▶ [Required action] Without any of its pictures, the listing below should be output exactly.

▶ [Supplied information]
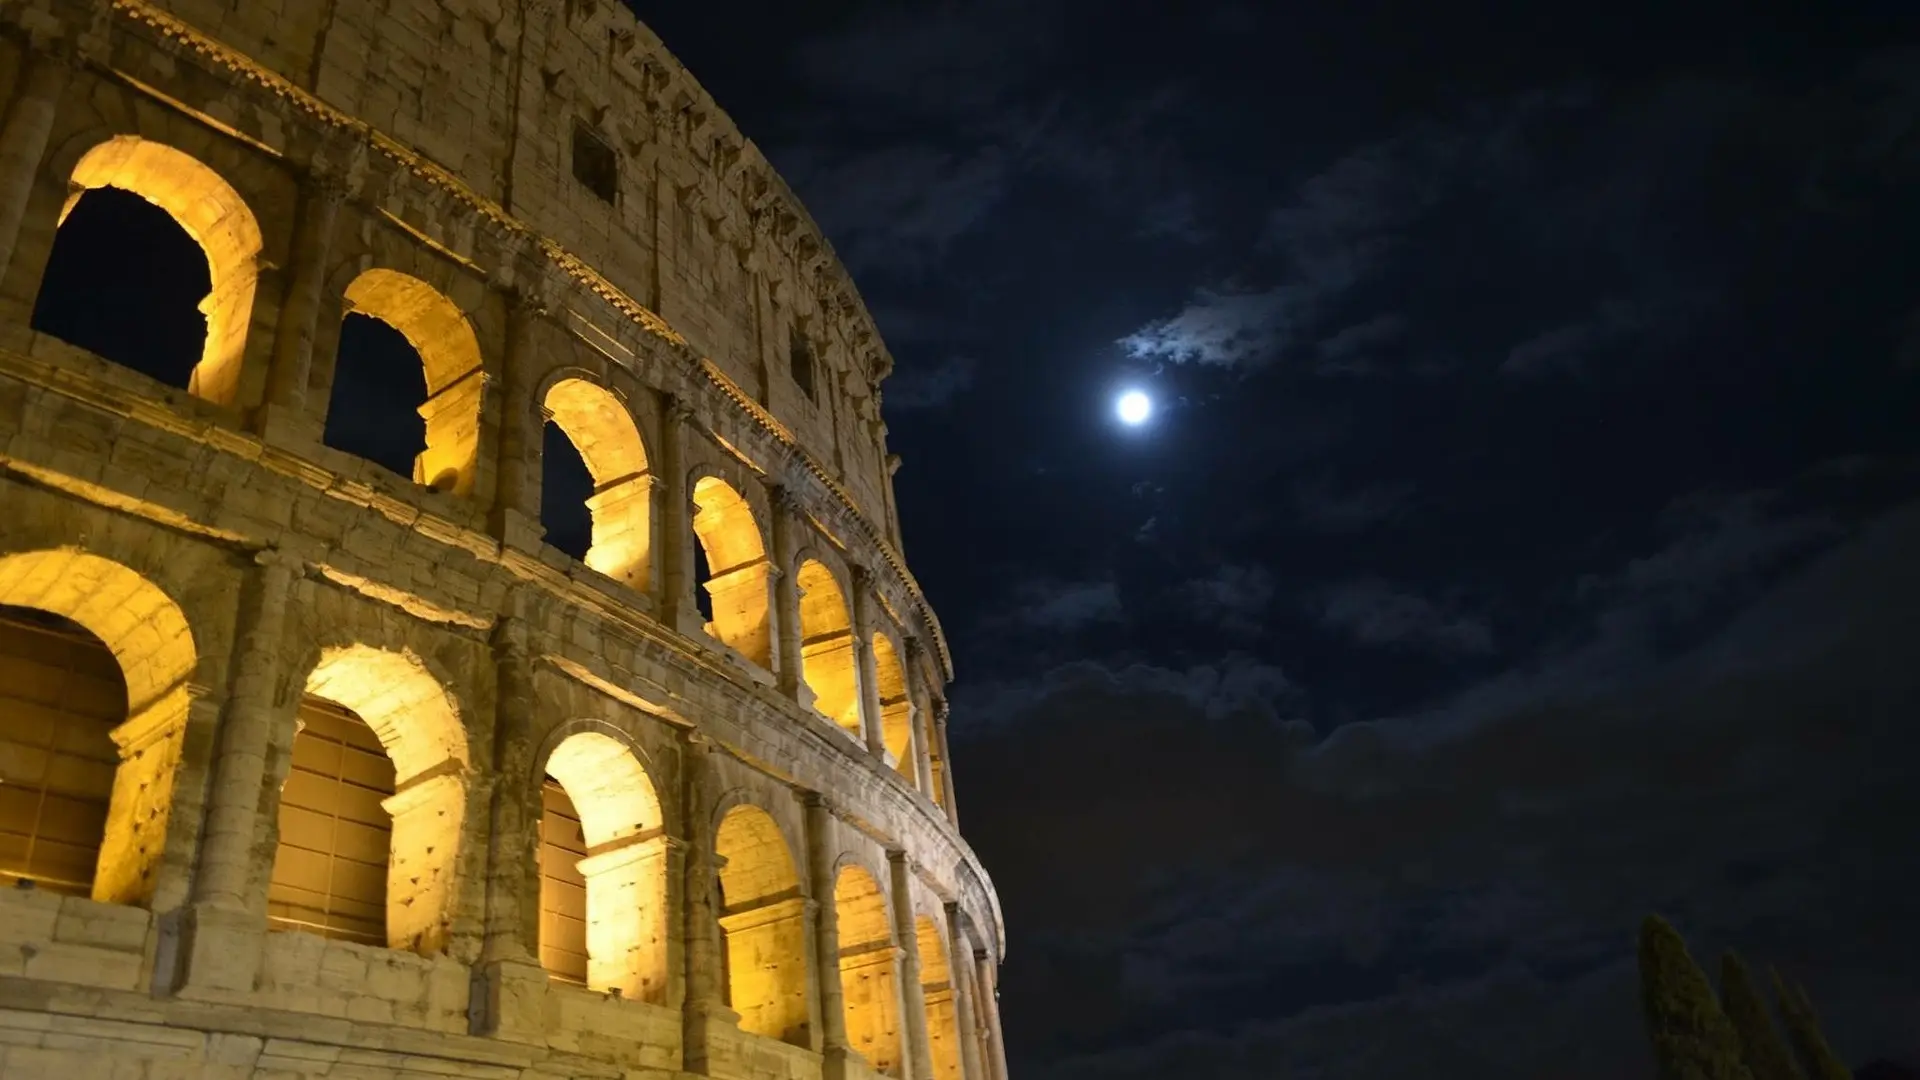 "Exterior view of the Colosseum at night, highlighted by artificial lights that accentuate its grand arches and rugged texture against a dark sky, conveying a sense of historical majesty and enduring architectural significance in Rome's cityscape."
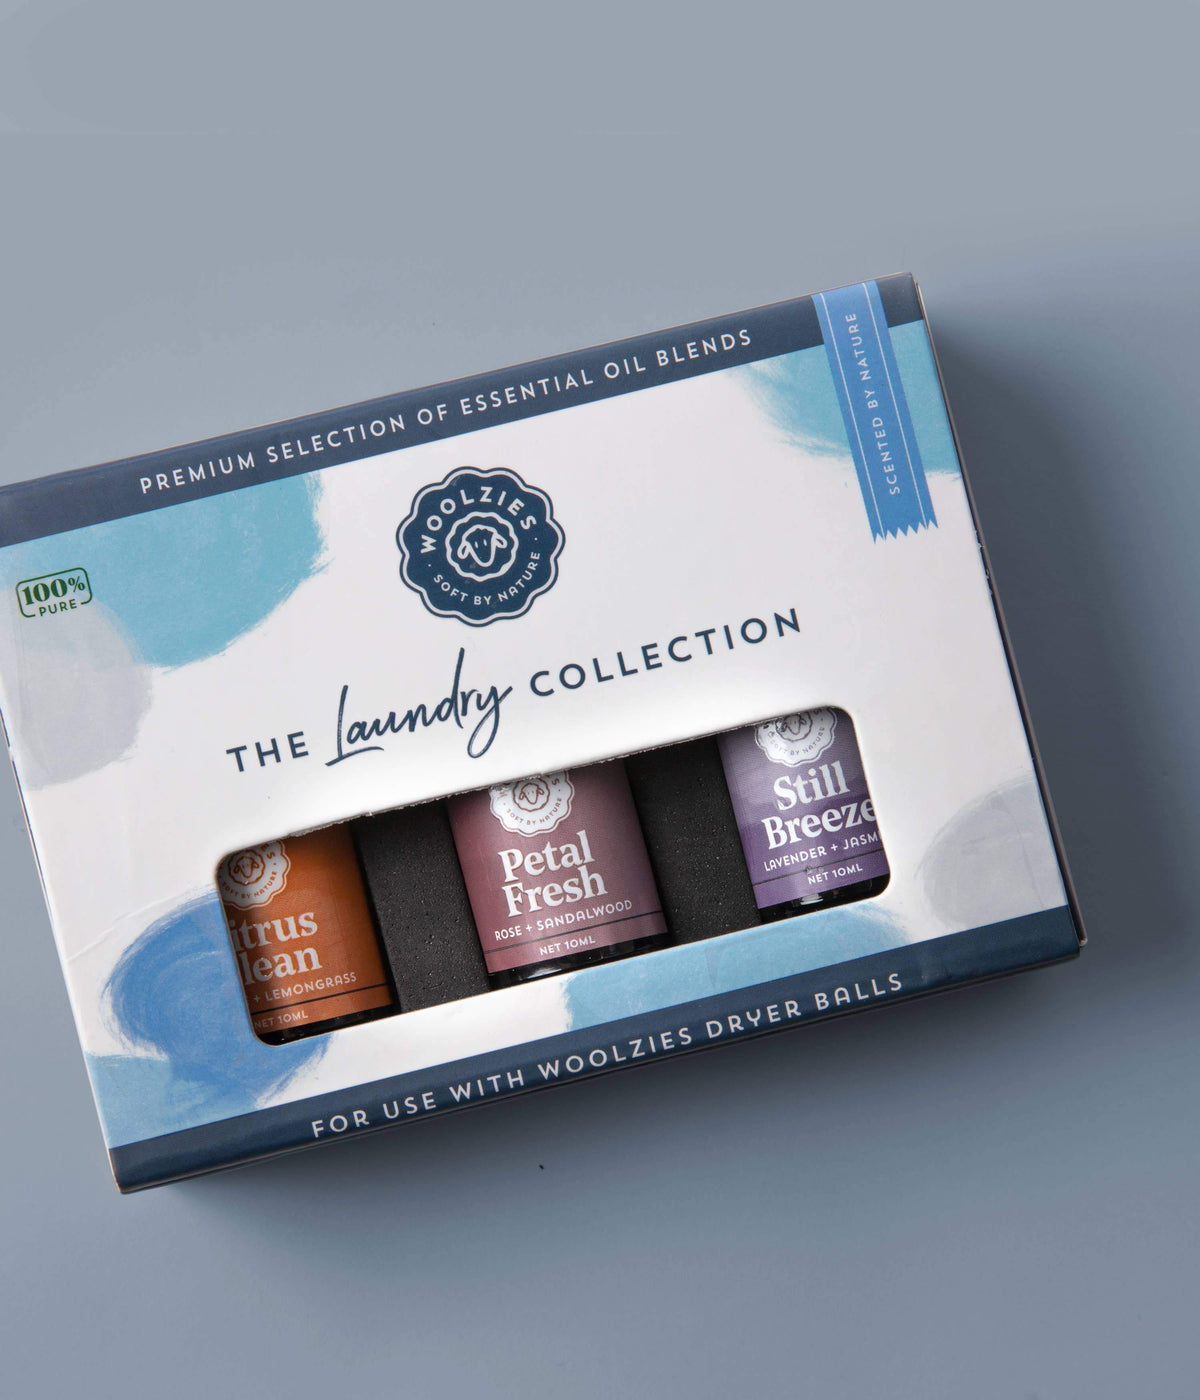 A box labeled "Woolzies The Laundry Essential Oil Collection" containing three essential oil blends: citrus clean, petal fresh, and still breeze, specifically designed for use with Woolzies wool dryer.
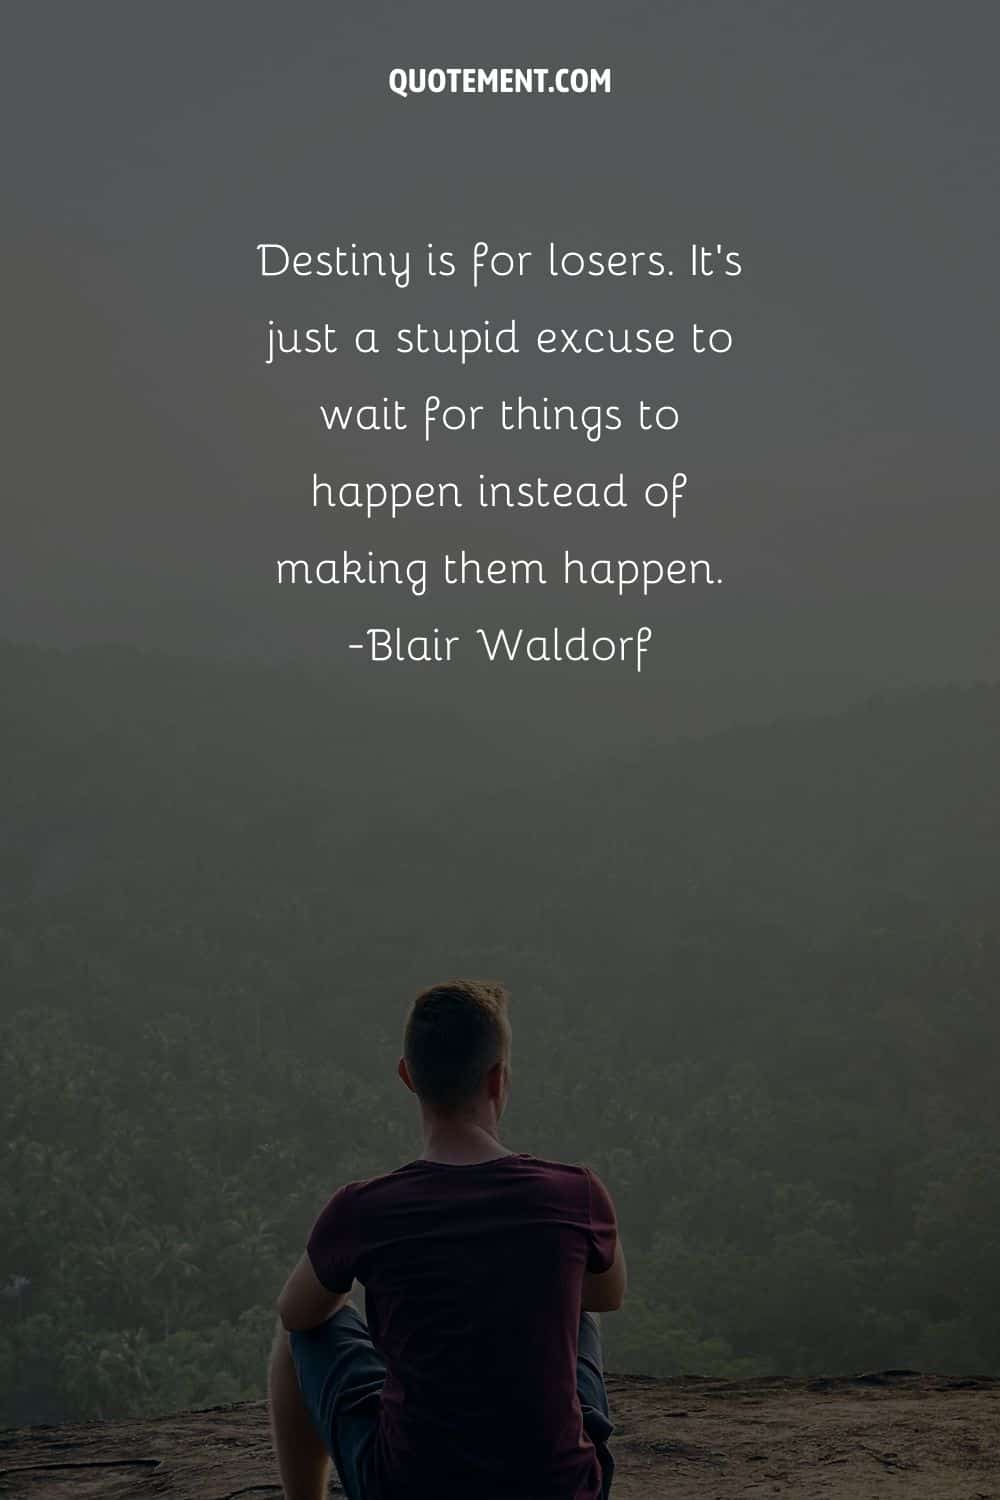 Destiny is for losers. It’s just a stupid excuse to wait for things to happen instead of making them happen

▶ [Expected output]
 "Exterior view of the Colosseum at night, highlighted by artificial lights that accentuate its grand arches and rugged texture against a dark sky, conveying a sense of historical majesty and enduring architectural significance in Rome's cityscape."
 A box labeled "Woolzies The Laundry Essential Oil Collection" containing three essential oil blends: citrus clean, petal fresh, and still breeze, specifically designed for use with Woolzies wool dryer.
 Destiny is for losers. It’s just a stupid excuse to wait for things to happen instead of making them happen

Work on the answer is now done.